If I review a case with a colleague to get a second opinion, or call a radiologist to discuss whether a less expensive ultrasound would suffice, that would not be reimbursed in our current system. If I make additional phone calls to a patient after the visit to elicit further clarifying information, that too would be ignored by the billing system.
Talking about reimbursement may reinforce the stereotype that doctors care only about money. But in reality, if something is not reimbursed, it’s hard to get it done because there are only so many hours in the day. For time-pressed clinicians, the system makes it faster and easier to simply order MRI than to think longer and deeper about our patients’ cases.
So bravo to the IOM for recognizing that diagnosis can be a team sport, and that time spent analyzing a case is as critically important as tests and procedures. The report explicitly presses insurance companies to reimburse for the cognitive side of medicine to eliminate the financial distortion that overwhelmingly favors procedures over thinking. pp 69-70
Right! This book was written in 2020. That’s the same year I grew weary of holding my breath for “the system” to change; the year I switched to DPC. Five, almost 6 years later, there is no meaningful movement for “the system” to favor the cognitive side of medicine over procedures, or to even equally reimburse for it. While some may point out that telehealth visits are now are reimbursed, and increasingly systems are charging patients for portal messages, there’s still no margin put into the typical fee-for-service physician’s schedule for those tasks. They are still being crammed in before work, over lunch, and during “pajama time”, as well as whenever there’s a free moment between patients. There’s no (gift of?) time allotted for that work!
The gift of time that DPC provides is not just for physicians. As Dr. Ofri notes, when physicians have time to think, they spend less money on diagnostics. When physicians have the time for close and repeated follow up for complicated cases, they can proceed through an evaluation in a timely, sequential order rather than an expensive “shotgun” approach. The “shotgun” approach is convenient for the physician and profitable for healthcare systems, but it bankrupts patients and increases all of our costs as we pay hefty taxes into government subsidized healthcare programs. Not to mention that DPC regularly provides and finds significantly lower costs diagnostics when they are needed – a double savings. Patient’s value those financial savings, as well as the relational experience of DPC.

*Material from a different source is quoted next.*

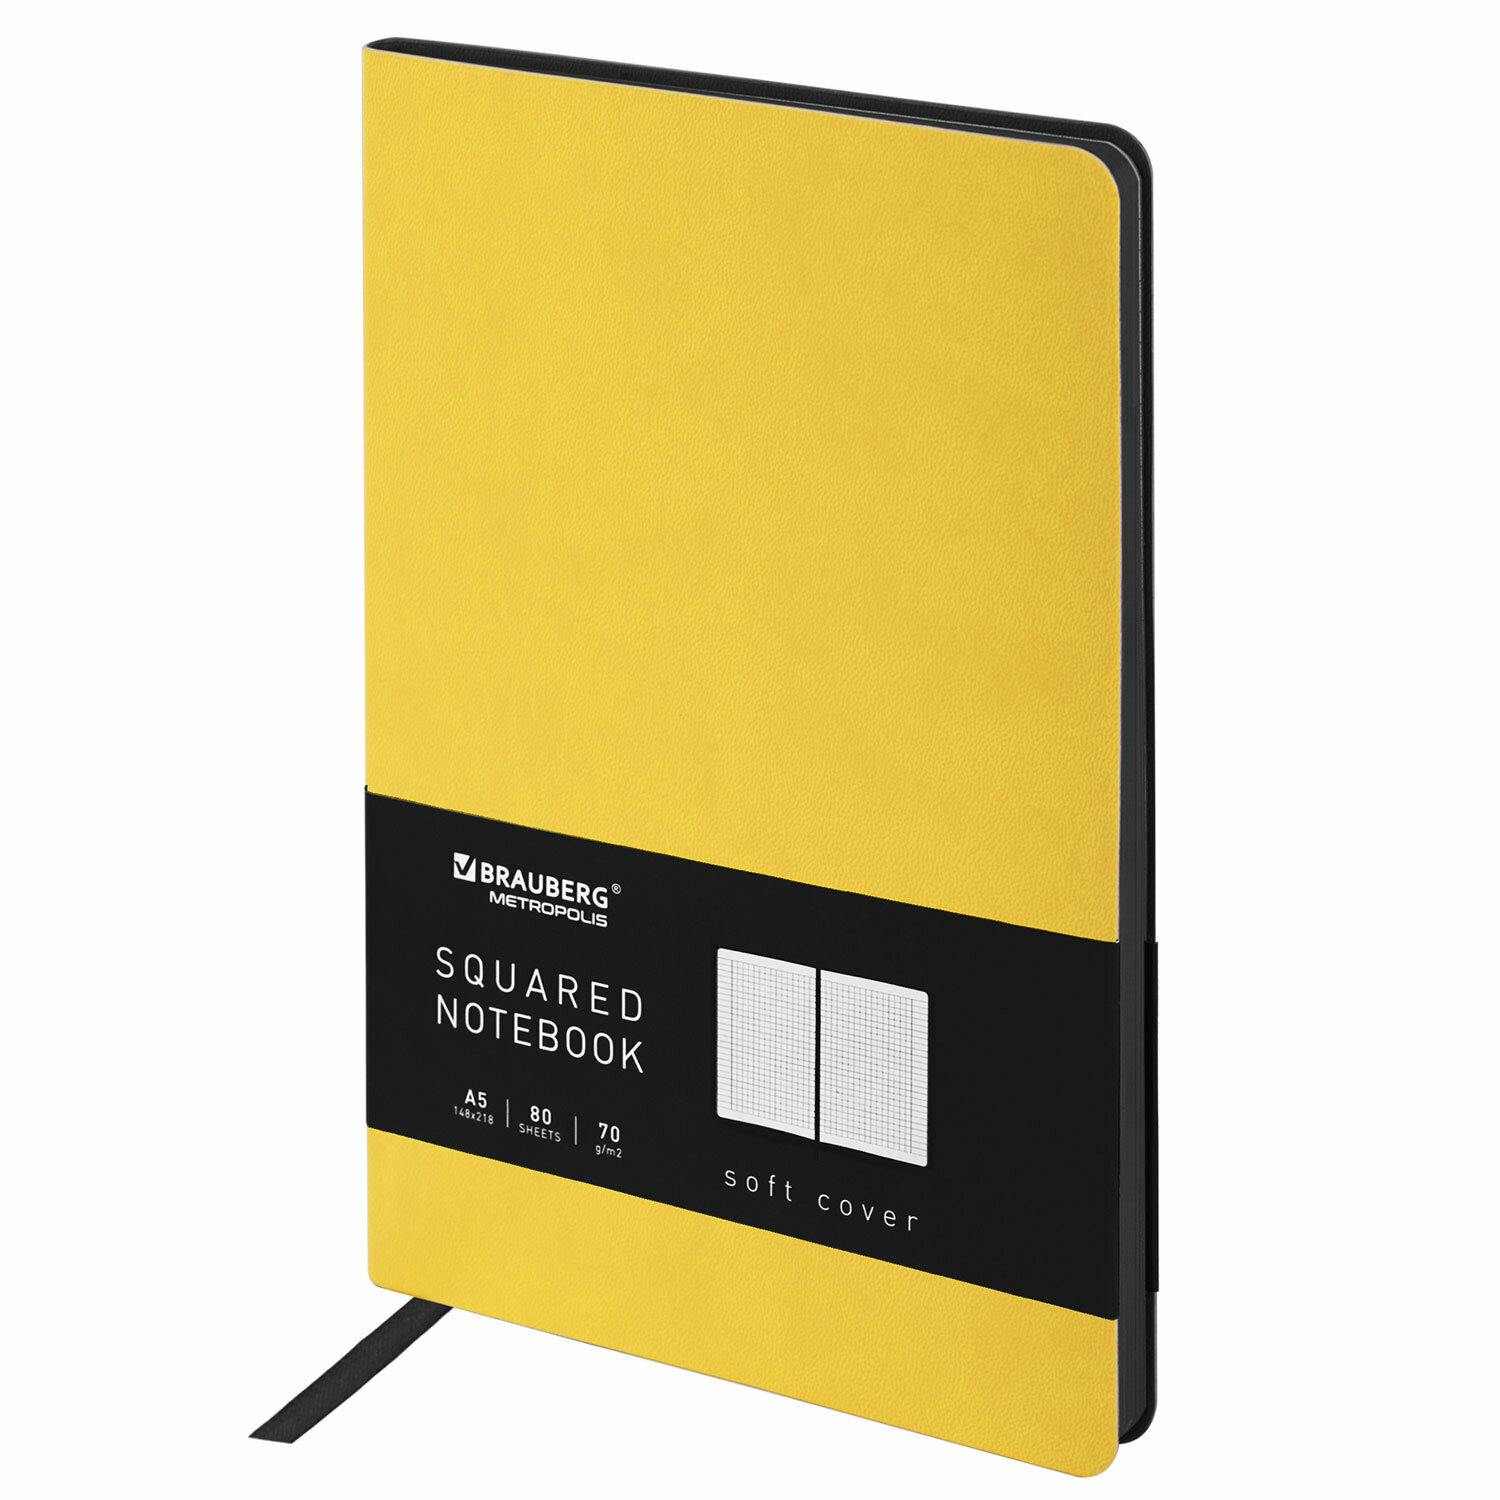 Бизнес-блокнот, записная книжка, тетрадь А5 (148x218 мм), Brauberg Metropolis Mix, под кожу, 80 л, клетка, желтый, 111038

While Dr. Ofri and I agree on much of the diagnosis of the problem, I suspect we differ on the treatment. As she notes in one of the quotes above, the treatment comes down to financial priorities and decisions. She wants third party payers to reimburse for cognitive work. Our broken, fee-for-service healthcare system does not want to financially reward physicians for doing this work; it costs them more – the shareholders will lose. The DPC model, in a free market, is the solution because it does reward this kind of work. And that gift of time provided by the DPC model benefits both physicians and patients.
If you haven’t already made the switch to DPC and you want more of your time, now is the time to switch. The friendly folks at the DPC alliance can save you time navigating that transition. It’s high time that I stop now that I’m out of time. Thanks for your taking your time to read and consider this.
- Ofri, D. (2020). When we do harm: A doctor confronts medical error. Beacon Press.